Omonigho Temile

Personal information
- Date of birth: 16 July 1984 (age 41)
- Place of birth: Delta, Nigeria
- Height: 1.78 m (5 ft 10 in)
- Position: Winger

Youth career
- Delta United

Senior career*
- Years: Team / Apps / (Gls)
- 2002: Cherno More Varna / 31 / (3)
- 2003–2004: Levski Sofia / 32 / (7)
- 2004–2006: Krylia Sovetov Samara / 24 / (0)
- 2008–2009: Botev Plovdiv / 11 / (1)
- 2009–2010: Warri Wolves
- 2010–2011: Valletta / 21 / (1)
- Total:  / 119 / (12)

International career
- 2001: Nigeria U17 / 6 / (2)

= Omonigho Temile =

Nigerian footballer

Omonigho Temile (16 July 1984) is a Nigerian former professional footballer who played as a winger.

==Club career==
Born in Lagos, Nigeria, Temile began his playing career at Nigerian football club Delta United from Warri. He started his professional career playing for Bulgarian side Cherno More in 2002. He signed for Levski Sofia in February 2003, teaming up with fellow Nigerians Garba Lawal and Justice Christopher. He made his debut on 28 February, against Marek. He was a runner-up for the Best Young Player award of 2003–04 season. Temile scored once for Levski in UEFA Cup.

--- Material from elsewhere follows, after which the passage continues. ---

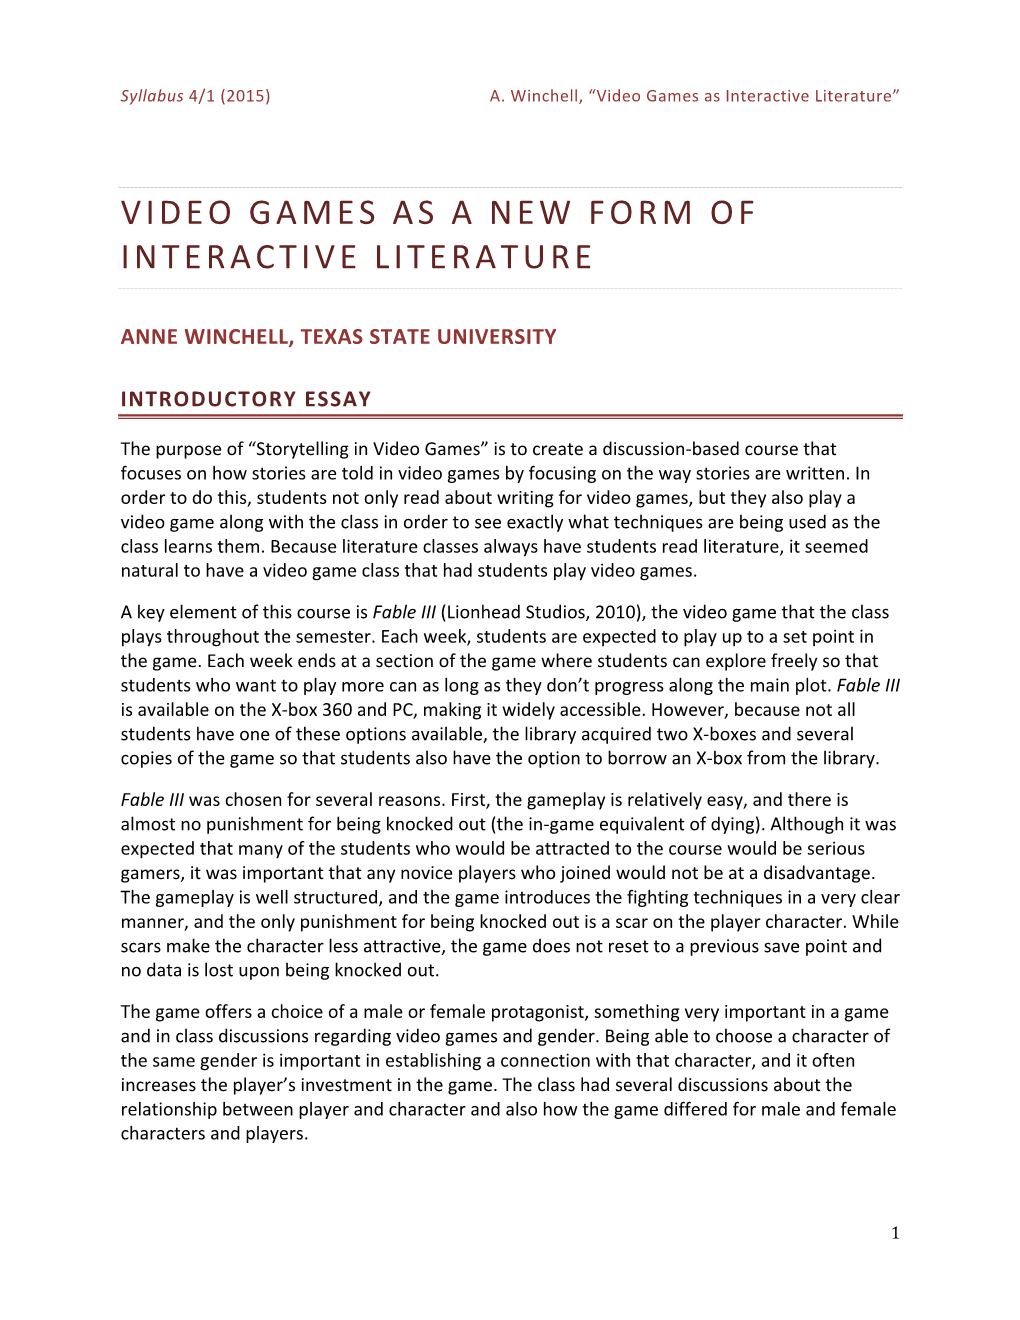 Video Games As a New Form of Interactive Literature

In 2004, Temile went for trials with Ukrainian club Dynamo Kyiv in the summer, but eventually joined Russian Premier League side Krylia Sovetov Samara. He signed a four-and-a-half-year contract. He joined Warri Wolves in 2009 and signed in August 2010 for Maltese club side Valletta.

==International career==
Temile was a member of Nigeria's U-17 squad that finished second in the 2001 FIFA U-17 World Championship held in Trinidad and Tobago. He started all six games, and scored twice from his midfield position.
Temile scored the last goal against Japan on a penalty kick in the 91st minute, in which Nigeria won 4–0. He was also on target in the 5–1 defeat of Australia in the quarter final. Nigeria eventually lost the final against France.

==Personal life==
Temile is the nephew of Clement Temile, cousin of Toto Tamuz, elder brother of Frank Temile.